Financial elder abuse "occurs when a person or entity does any of the following: (1) [t]akes, secretes, appropriates, obtains, or retains real or personal property of an elder . . . for a wrongful use or with intent to defraud, or both[;] [¶] (2) [a]ssists in taking, secreting, appropriating, obtaining, or retaining real or personal property of an elder . . . for a wrongful use or with intent to defraud, or both[; or] [¶] (3) [t]akes, secretes, appropriates, obtains, or retains, or assists in taking, secreting, appropriating, obtaining, or retaining, real or personal property of an elder . . . by undue influence . . . ." (Welf. & Inst. Code, § 15610.30, subd. (a)(1)-(3).) Liability for elder abuse may be imposed, even in the absence of an intent to defraud, "if it can be shown that the person took the property for a wrongful use and 'knew or should have known that [his or her] conduct is likely to be harmful to the elder . . . .' " (Bonfigli v. Strachan (2011) 192 Cal.App.4th 1302, 1315.)
Here, as part of his cause of action entitled financial elder abuse, Pritchard alleges defendants knew that wrongfully taking Pritchard's money would cause him to suffer harm in that he would not have sufficient insurance proceeds to completely rebuild his property.

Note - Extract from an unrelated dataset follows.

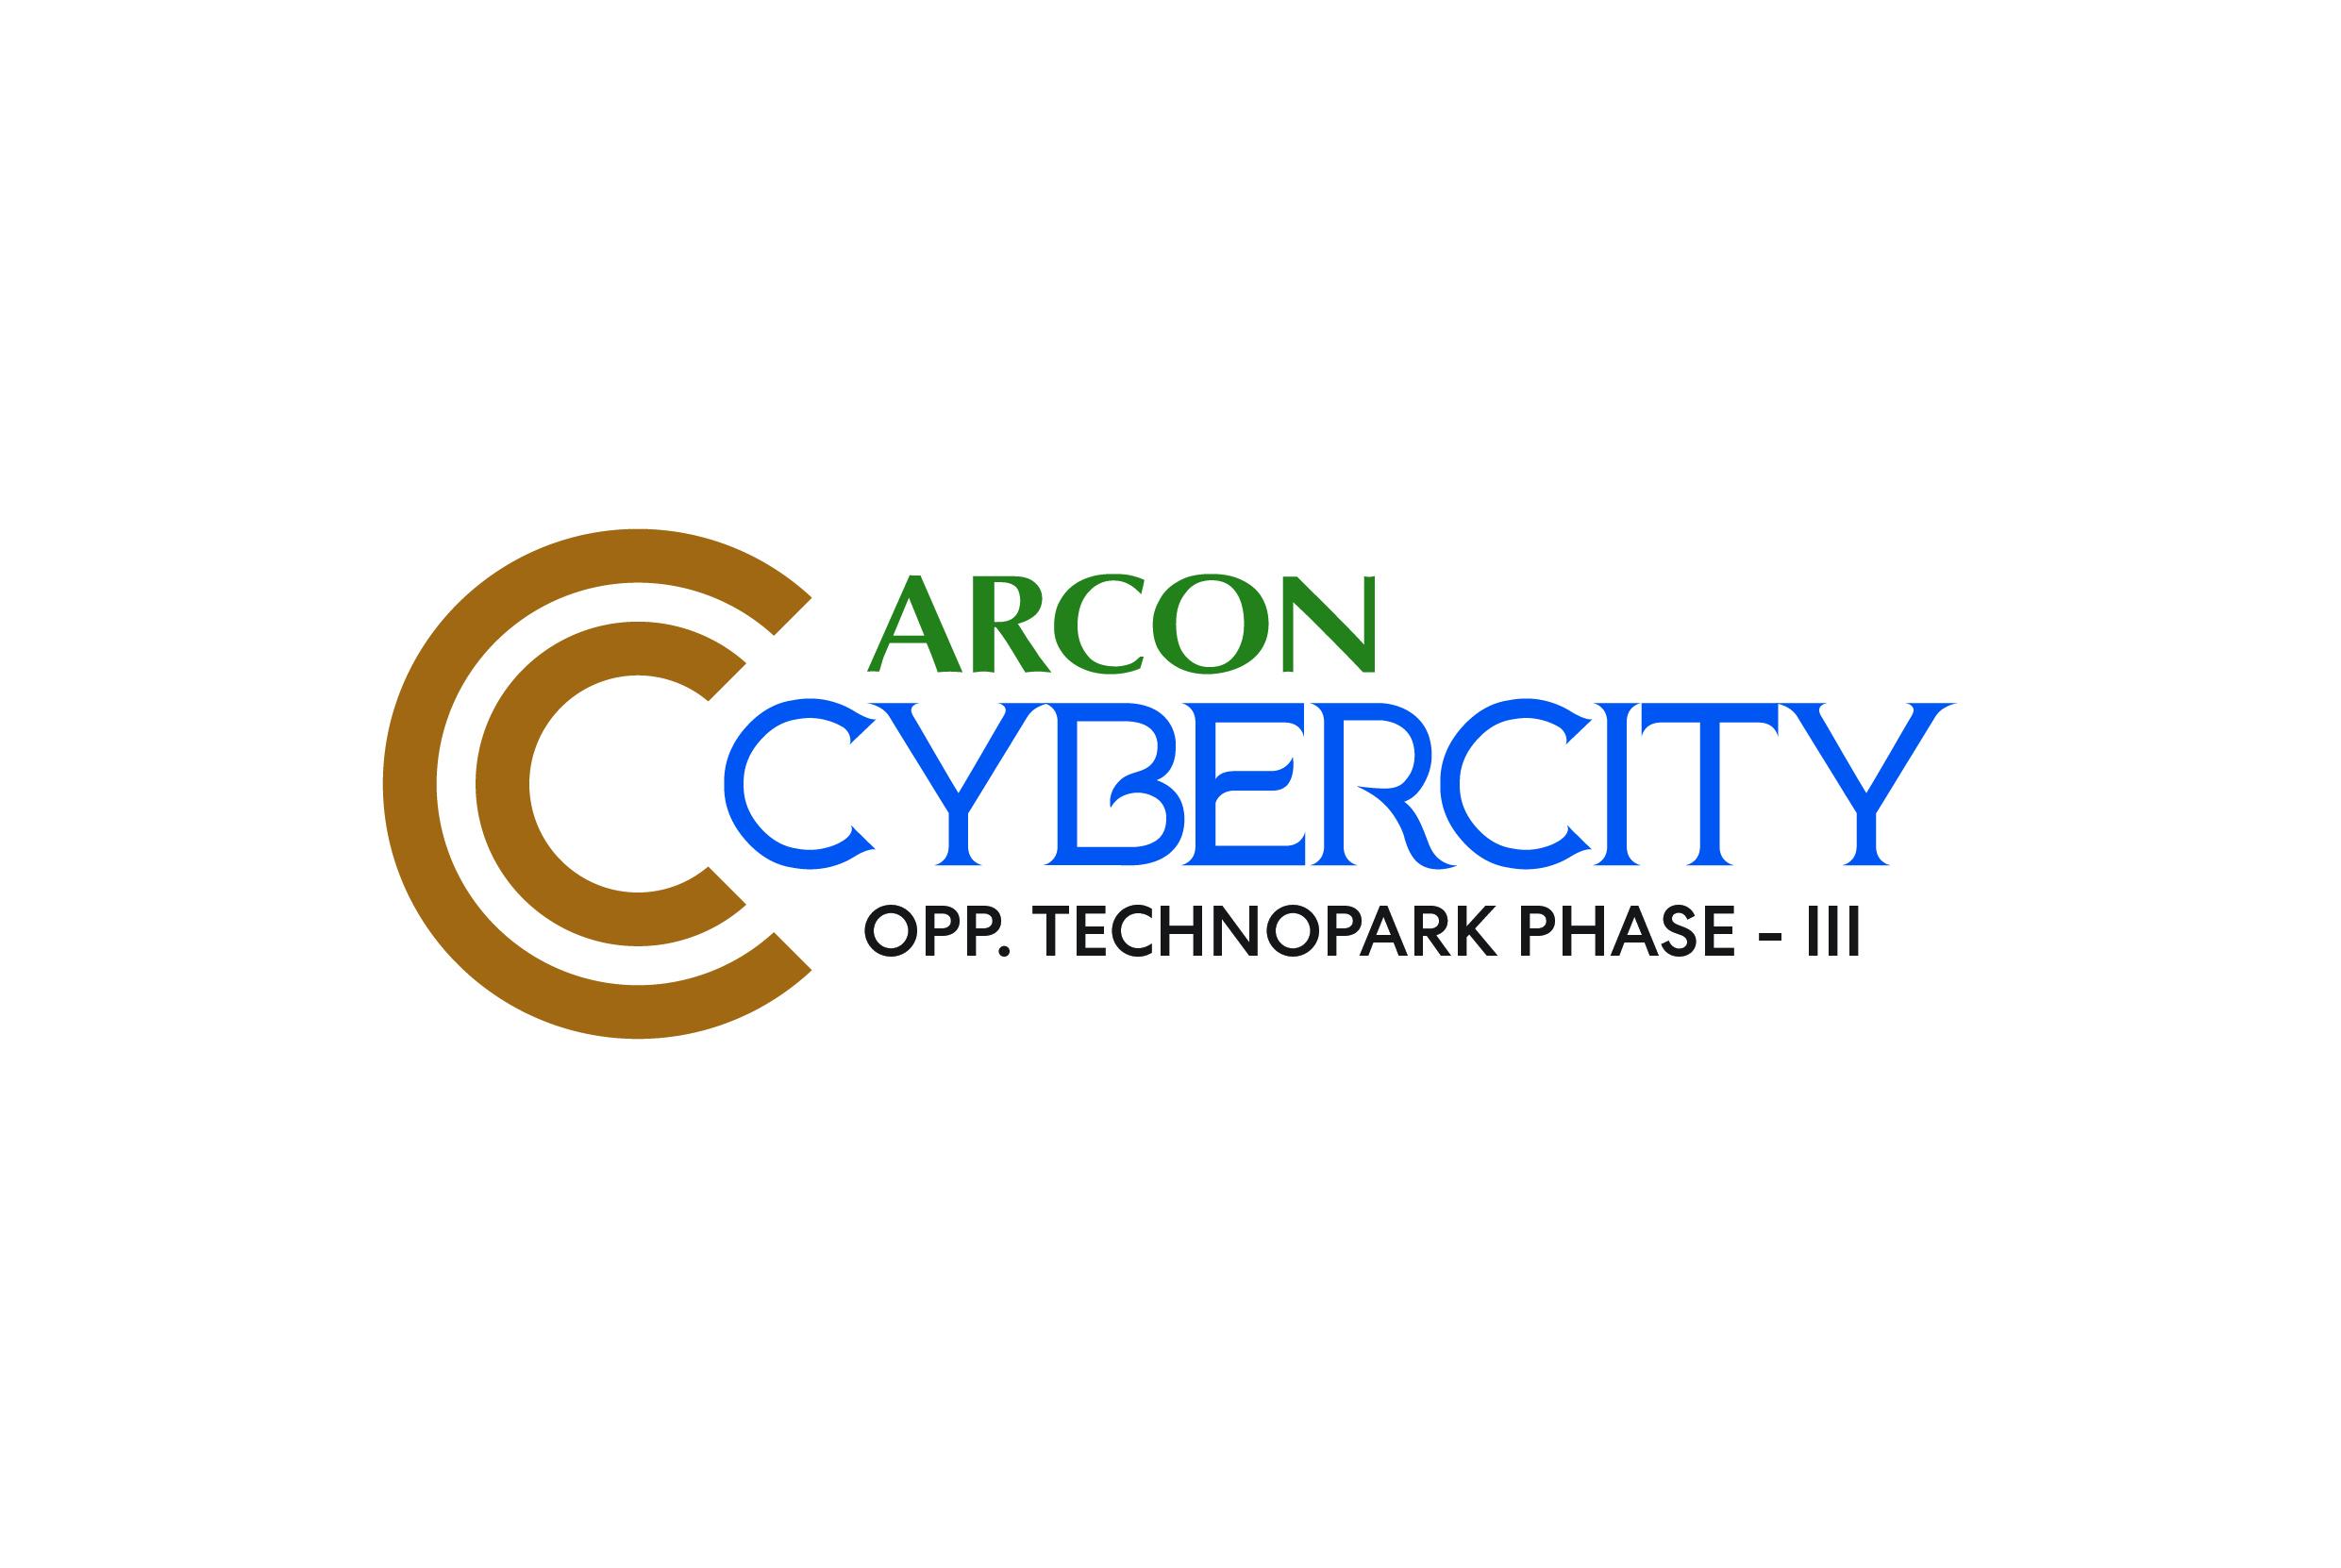 LOGO - Arcon Cybercity

However, Pritchard does not explain how defendants' procurement of inadequate insurance coverage demonstrates "wrongful use." Nothing in the record indicates that the premiums Pritchard paid were used for anything other than towards insuring the Manton property. And, we decline to find that merely procuring inadequate insurance coverage constitutes a "wrongful use" of the funds for purposes of an elder abuse claim. Moreover, we find Pritchard's allegations in this regard lack particularity as to how defendants defrauded Pritchard of the premiums.
That Pritchard did not have adequate coverage may be a type of damage; but this damage arose from a breach of the limited duty that insurance brokers owe in providing the specified amount of coverage. Accordingly, we disregard Pritchard's labeling and instead conclude the gravamen of this claim, like the gravamen of his fiduciary duty claim, is professional negligence. Thus, a viable claim of negligence became available to Pritchard when he discovered the inadequate policy limit in October 2012, triggering the two-year statute of limitations of section 339(1). (See Desai v. Farmers Ins. Exchange (1996) 47 Cal.App.4th 1110, 1119-1120 [a broker's failure to obtain the type of insurance requested by an insured constitutes actionable negligence].) Therefore, Pritchard's claim was untimely filed, and the trial court did not err in sustaining the demurrer to his second amended complaint without leave to amend.
DISPOSITION
The judgment is affirmed. Defendants are entitled to their costs on appeal. (Cal. Rules of Court, rule 8.278(a)(1), (2).)
BUTZ, J. We concur: ROBIE, Acting P. J. MAURO, J.